Work request:
The reply is to contain the full listing, repeated exactly, with pictures left out.

Exercise data:
..............................
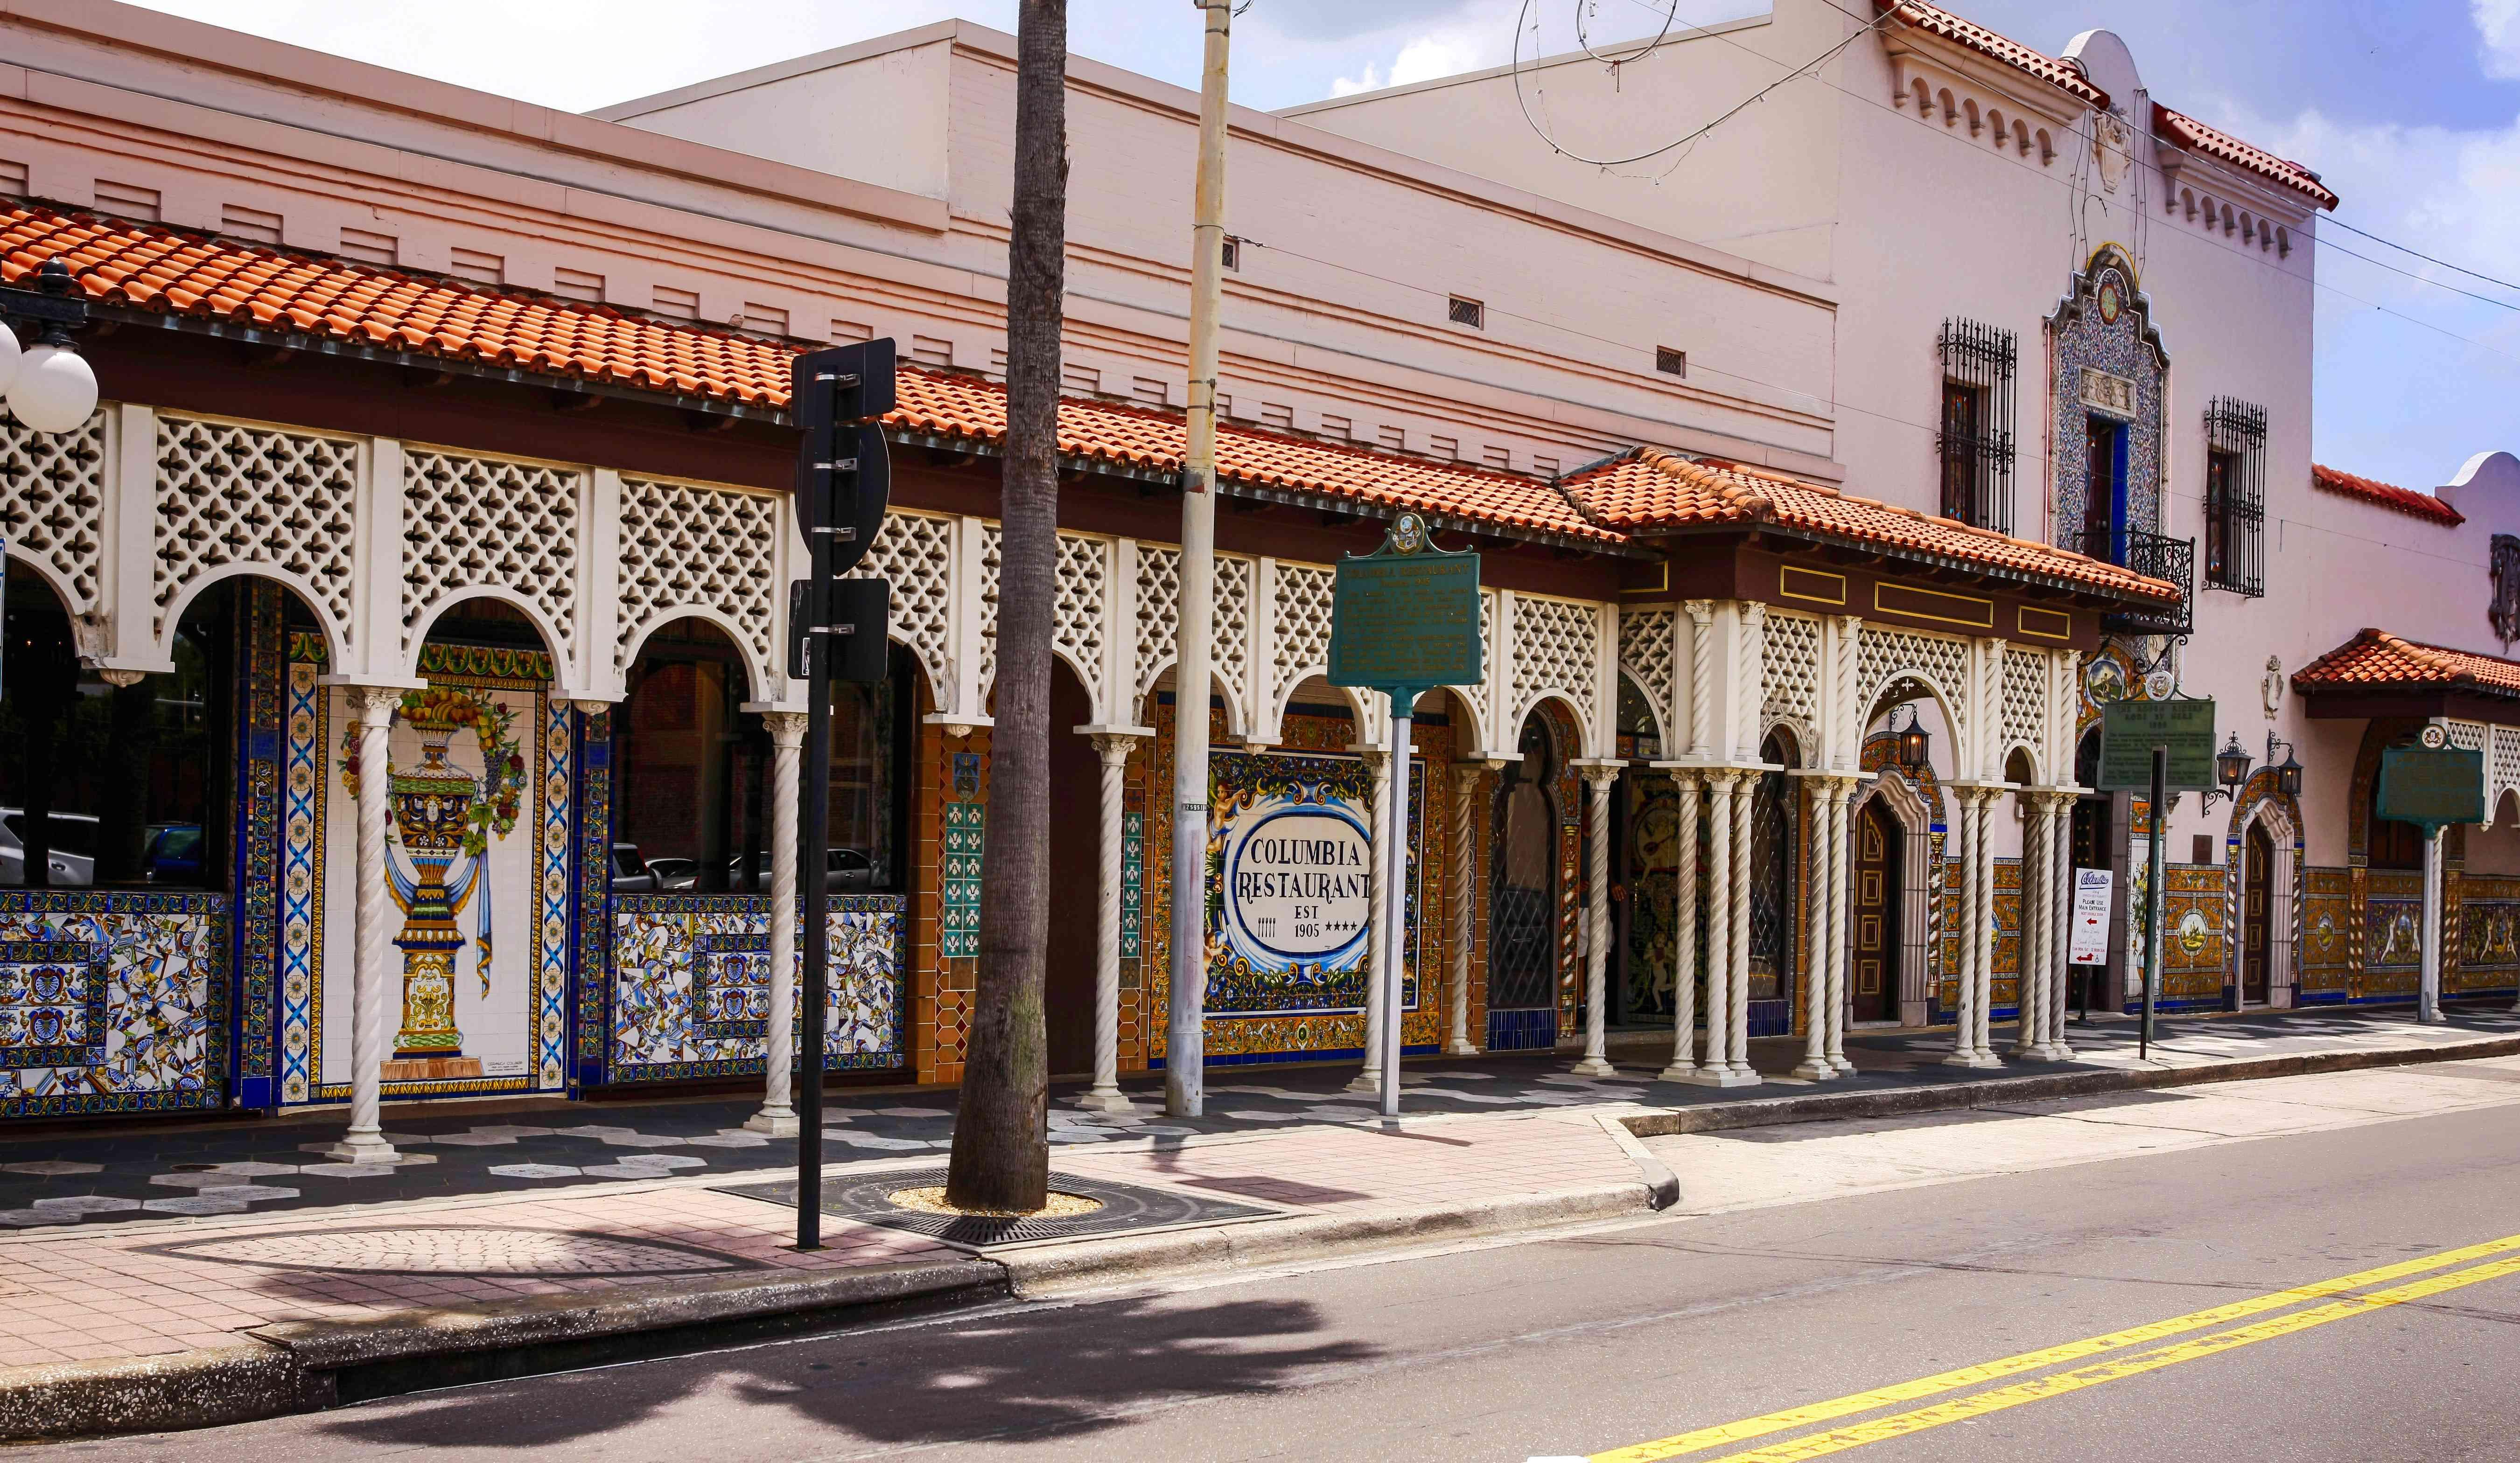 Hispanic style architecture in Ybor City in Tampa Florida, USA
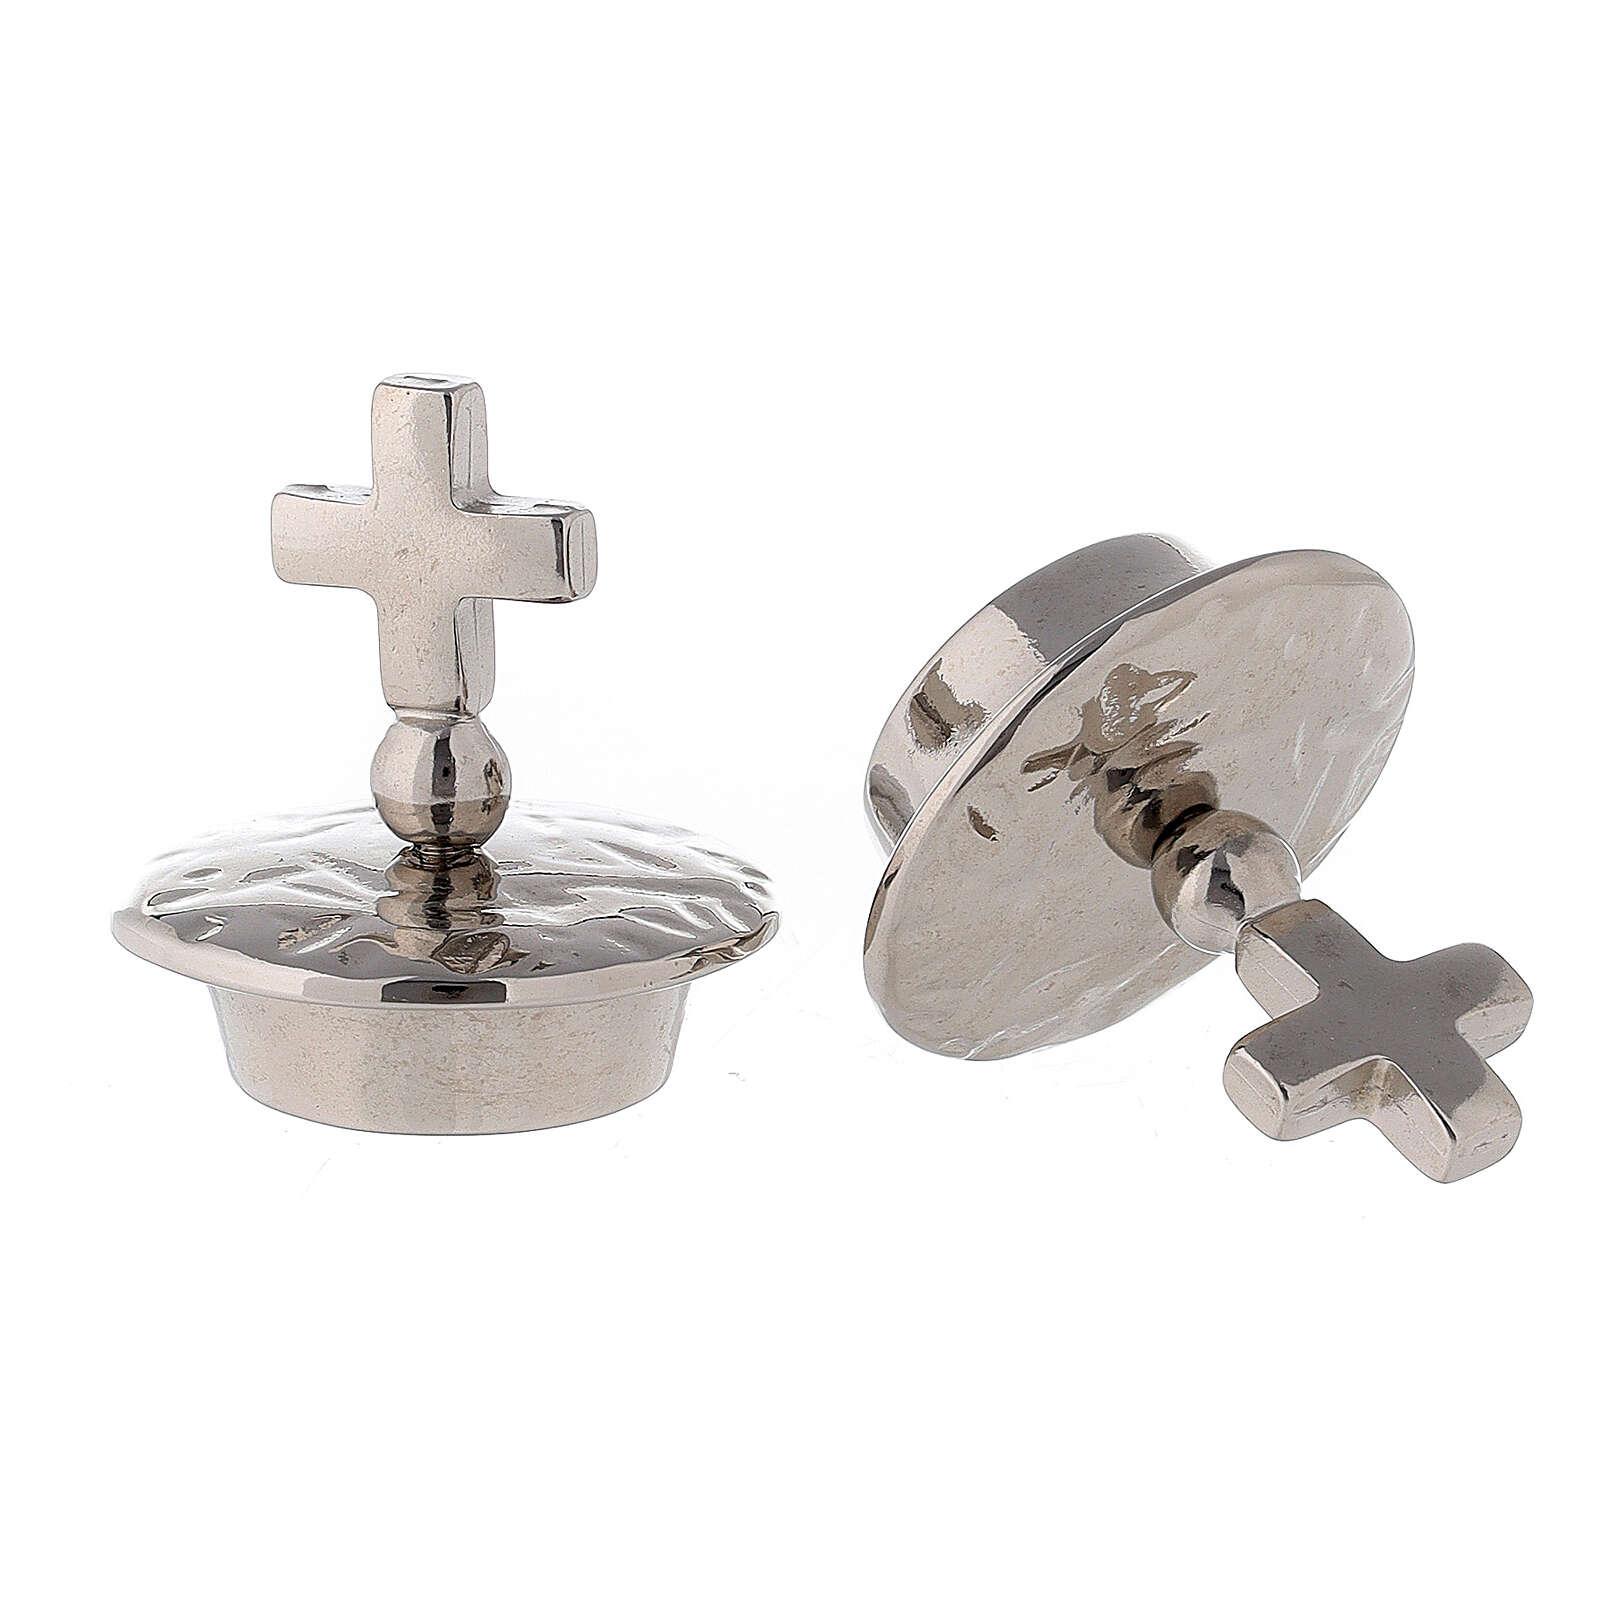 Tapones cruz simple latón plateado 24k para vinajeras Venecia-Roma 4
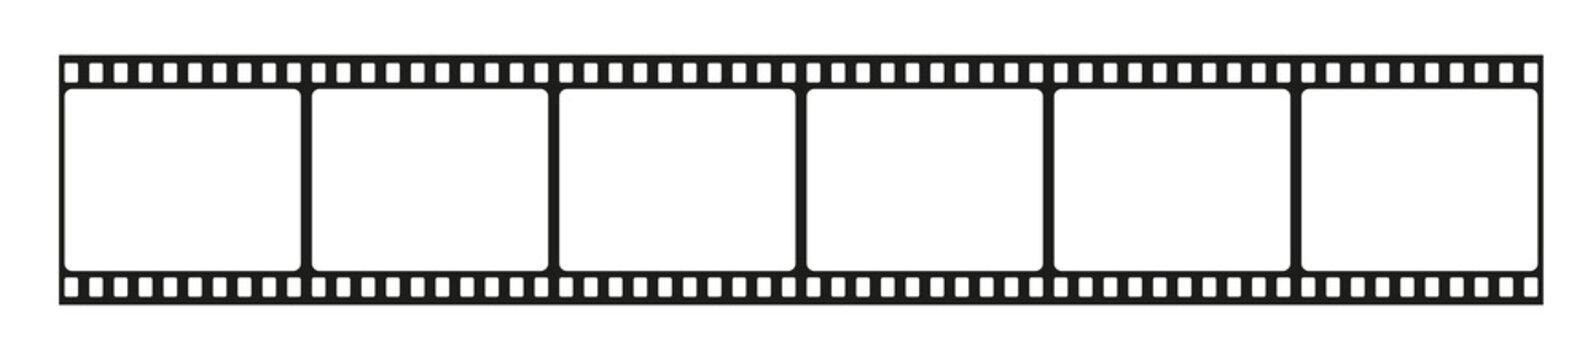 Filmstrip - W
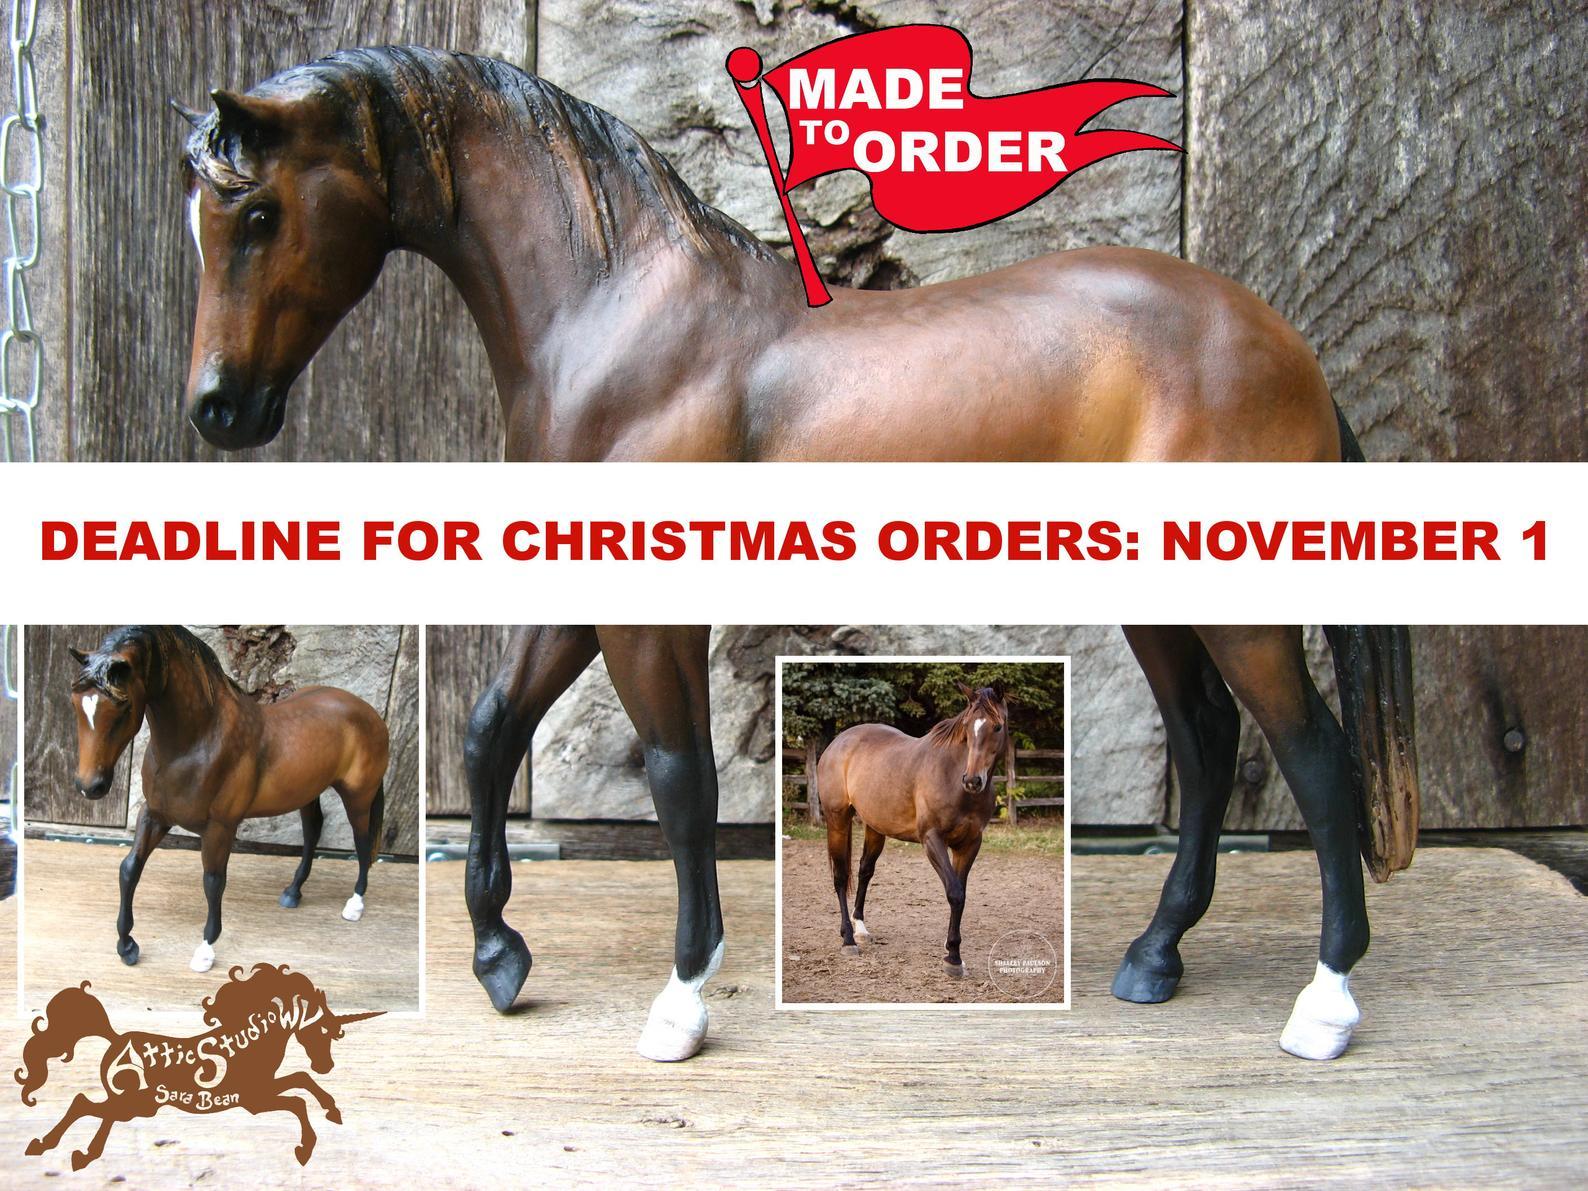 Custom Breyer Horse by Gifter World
..............................
Answer:
 Hispanic style architecture in Ybor City in Tampa Florida, USA
 Tapones cruz simple latón plateado 24k para vinajeras Venecia-Roma 4
 Filmstrip - W
 Custom Breyer Horse by Gifter World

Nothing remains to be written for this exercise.